» YOUR INSTRUCTIONS
Skipping all images, output the listing word for word.

» SUPPLIED INFORMATION
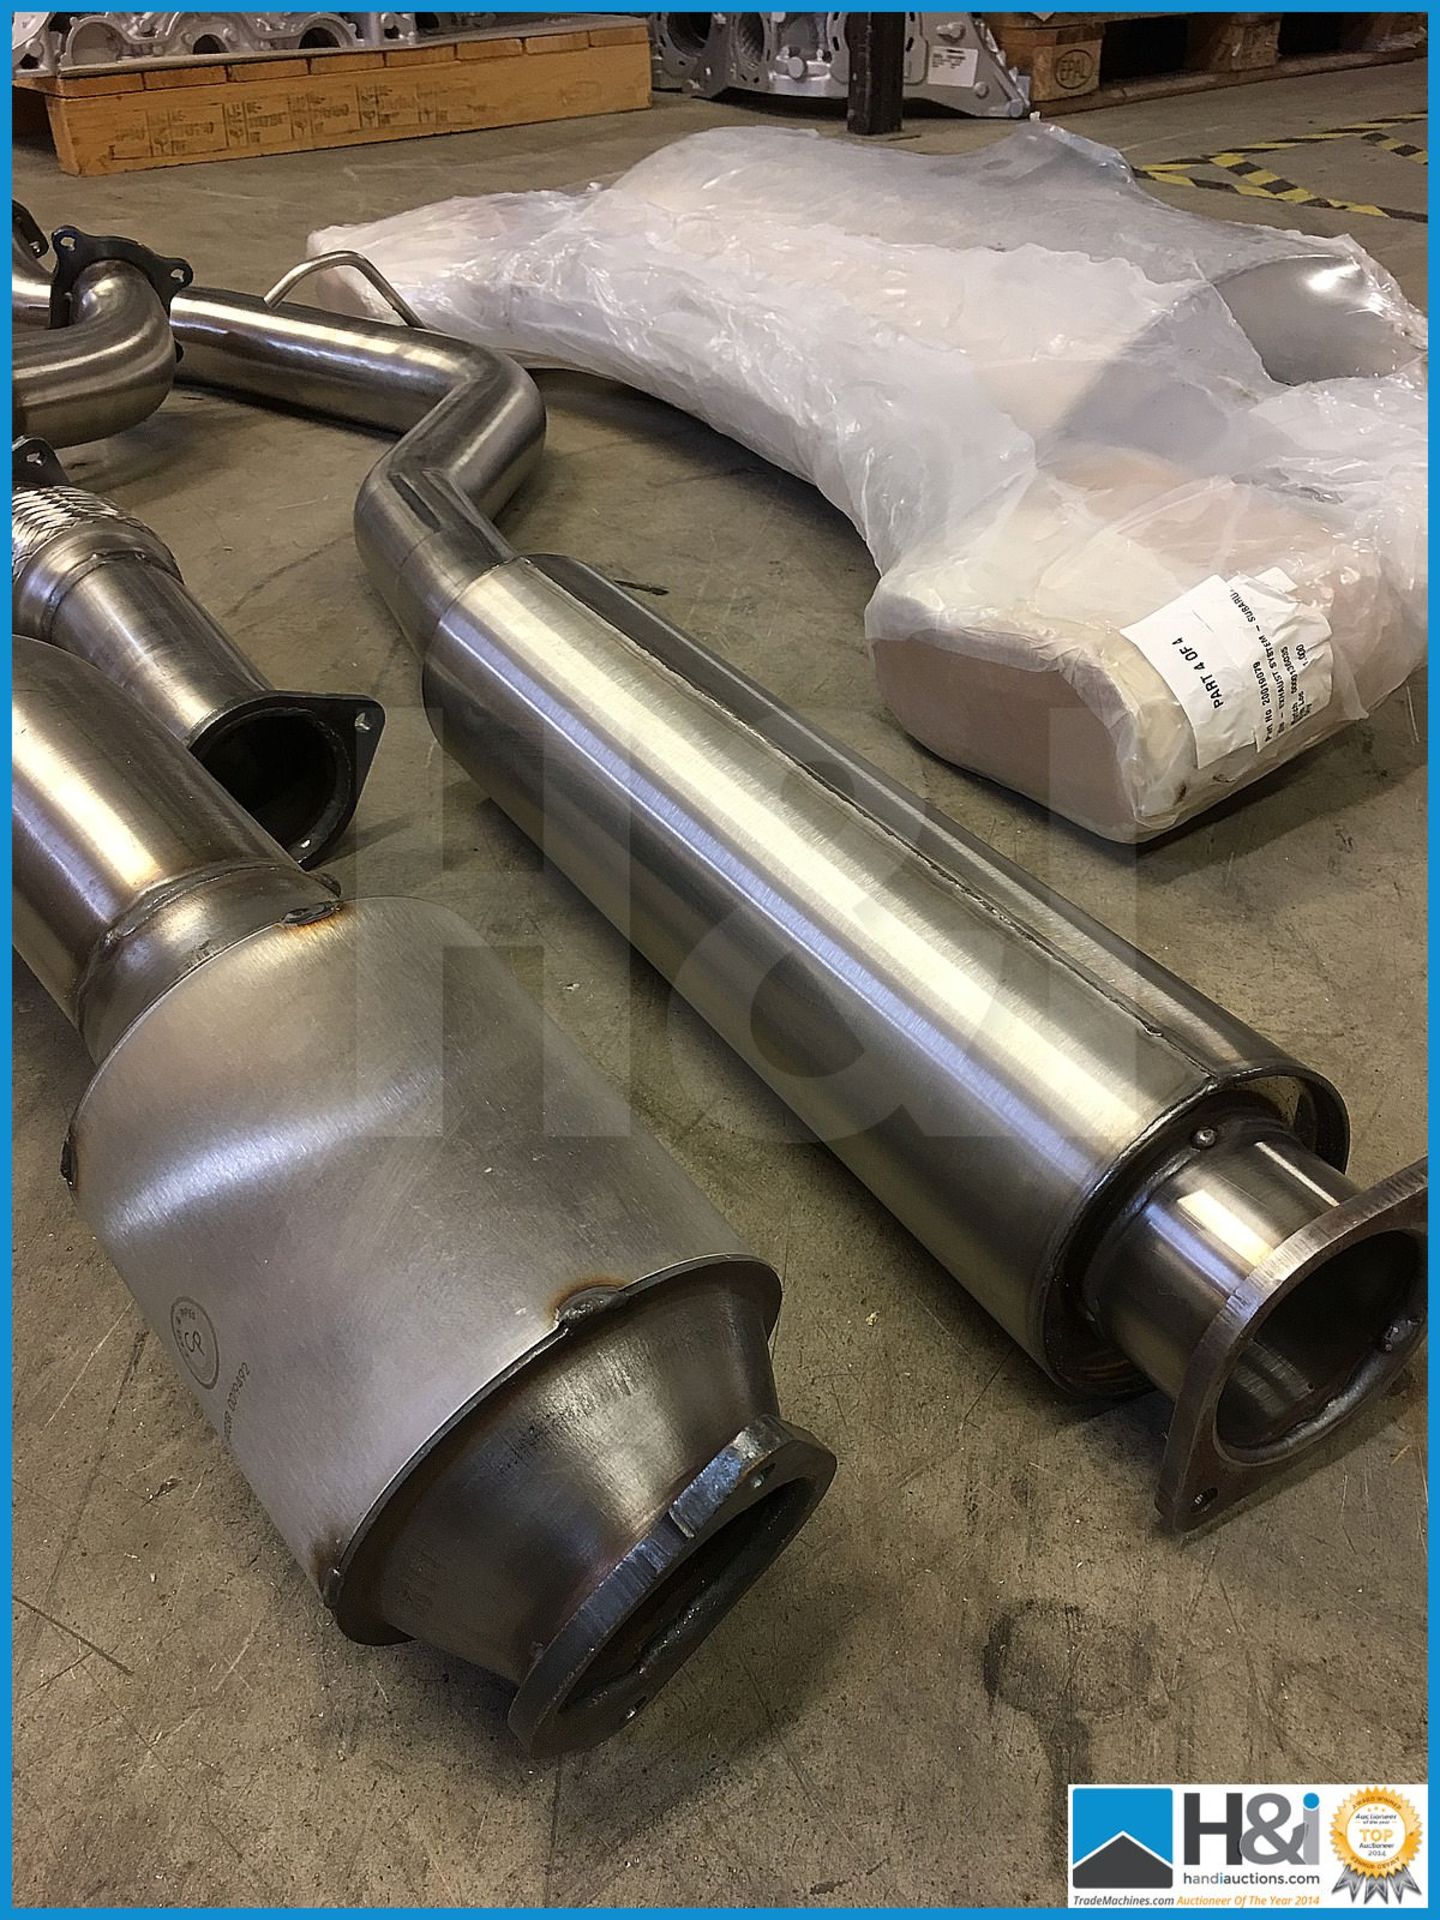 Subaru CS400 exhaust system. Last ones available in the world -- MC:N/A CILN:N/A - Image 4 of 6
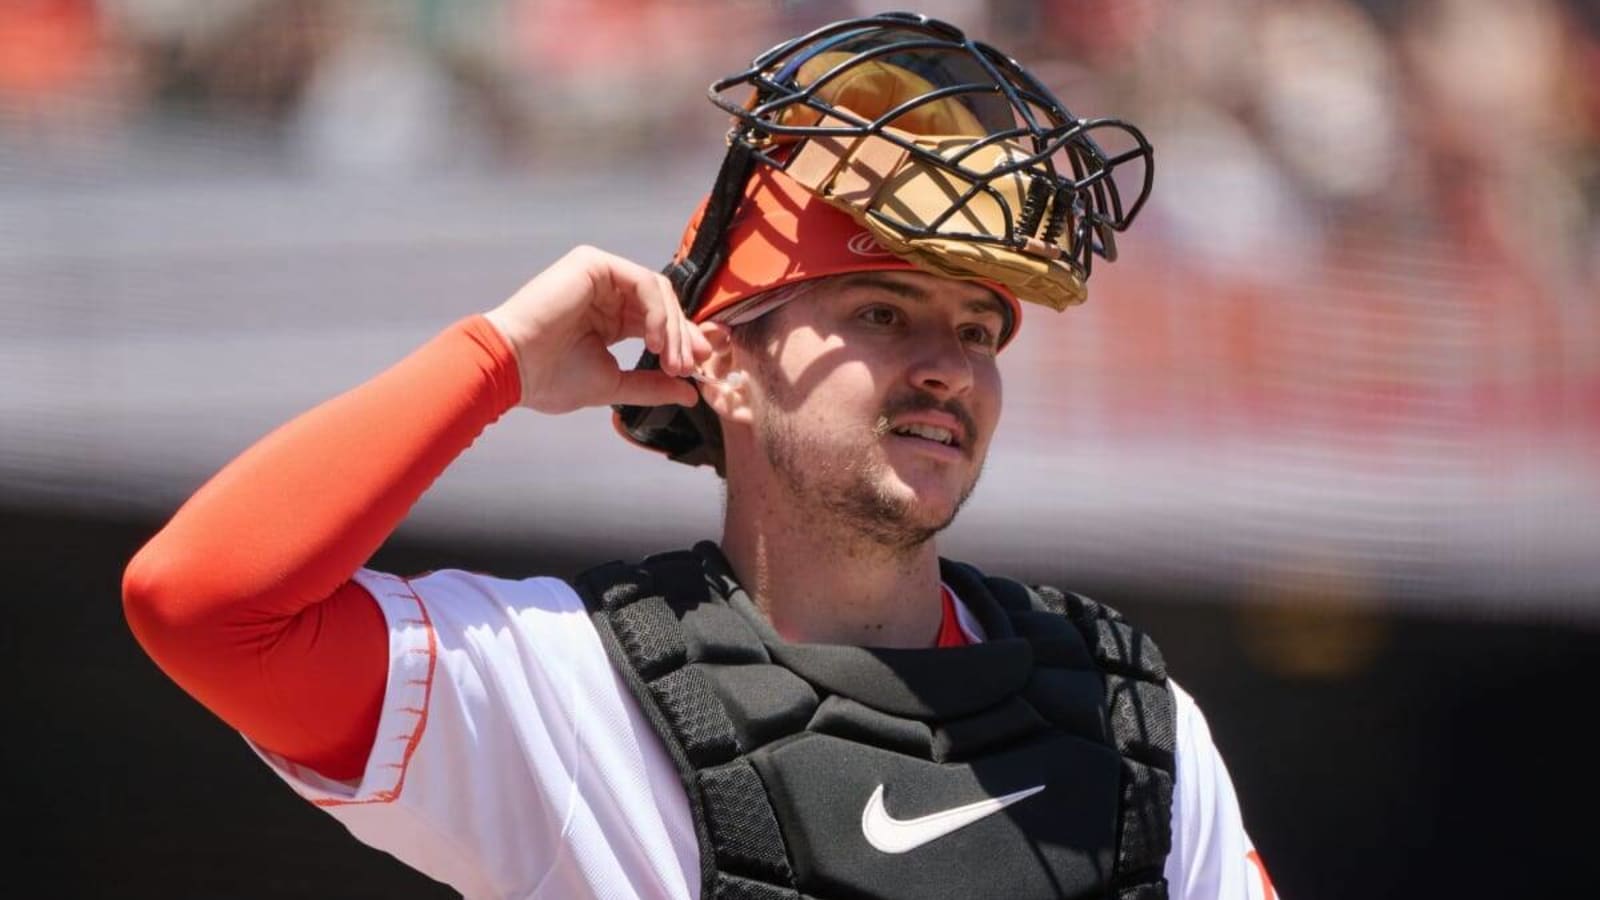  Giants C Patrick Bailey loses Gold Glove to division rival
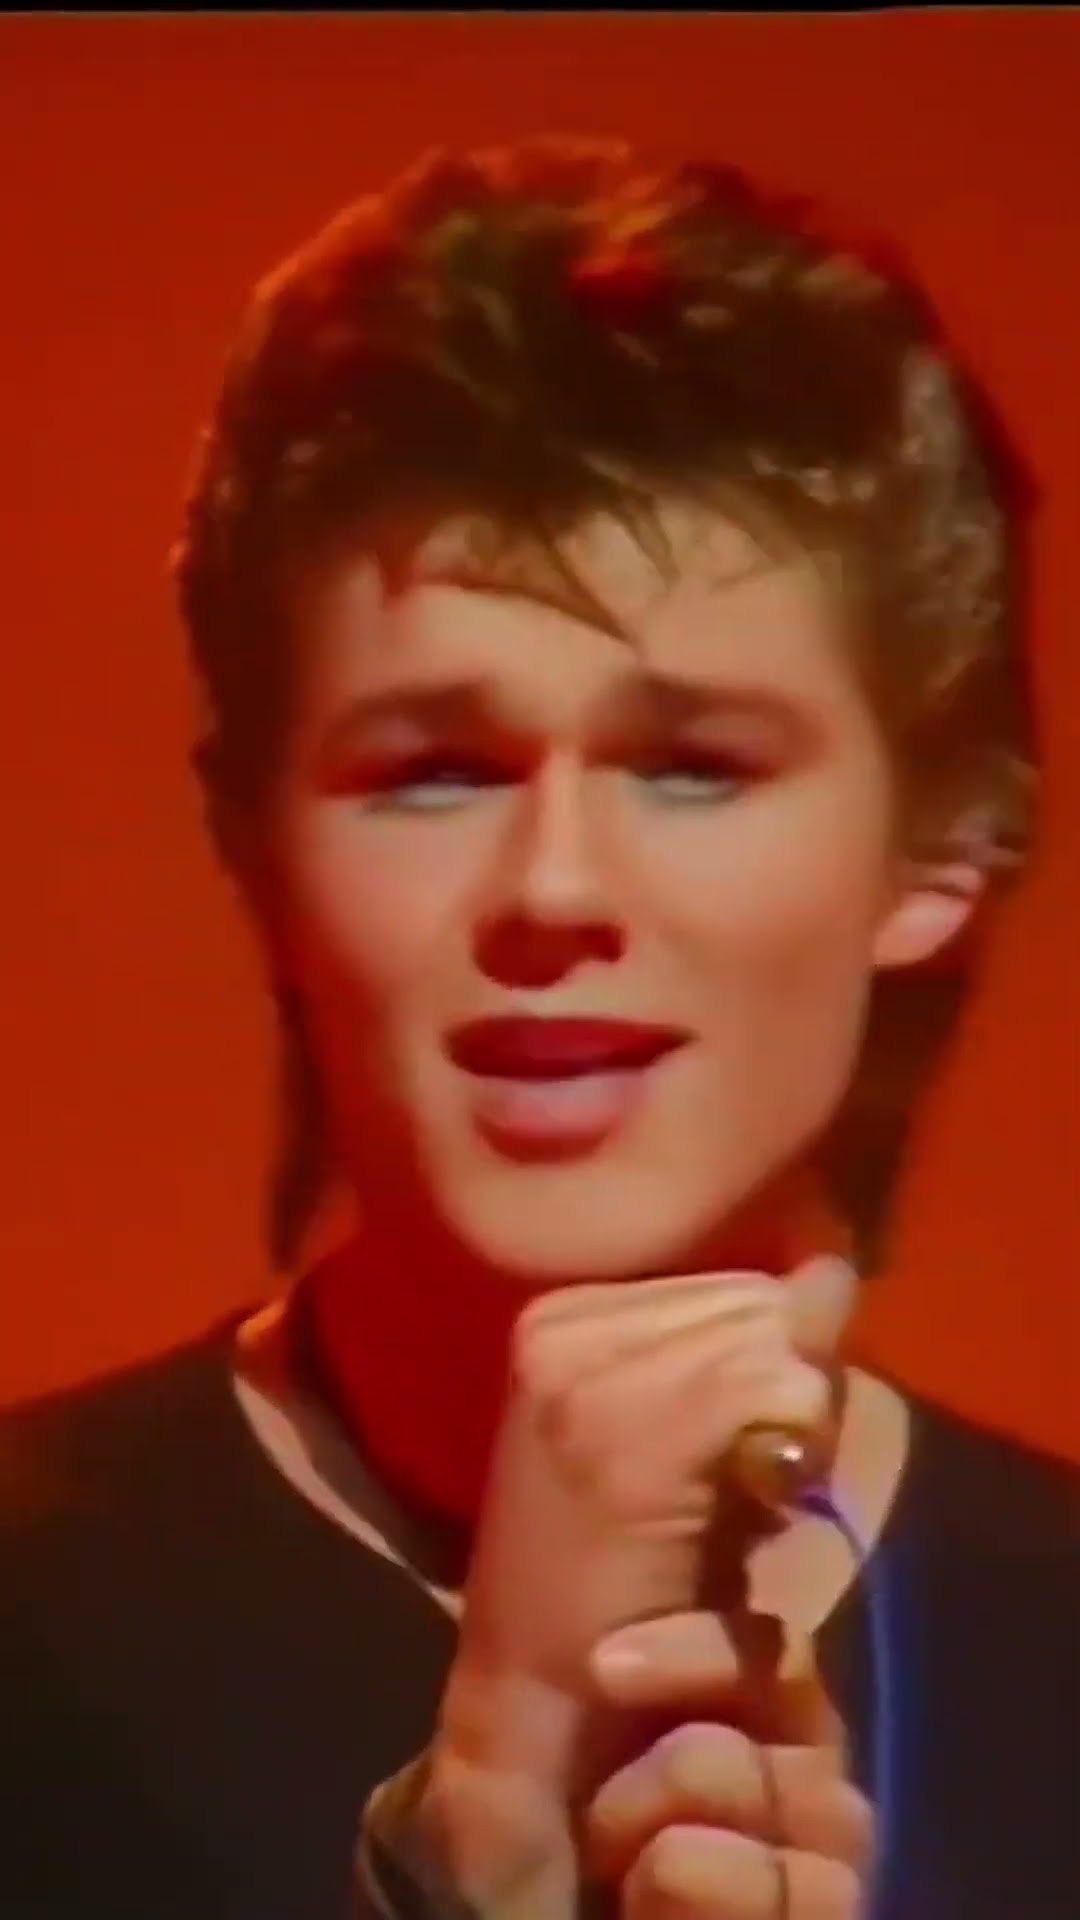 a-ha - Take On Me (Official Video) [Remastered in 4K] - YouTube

» FINISHED TASK
 Subaru CS400 exhaust system. Last ones available in the world -- MC:N/A CILN:N/A - Image 4 of 6
  Giants C Patrick Bailey loses Gold Glove to division rival
 a-ha - Take On Me (Official Video) [Remastered in 4K] - YouTube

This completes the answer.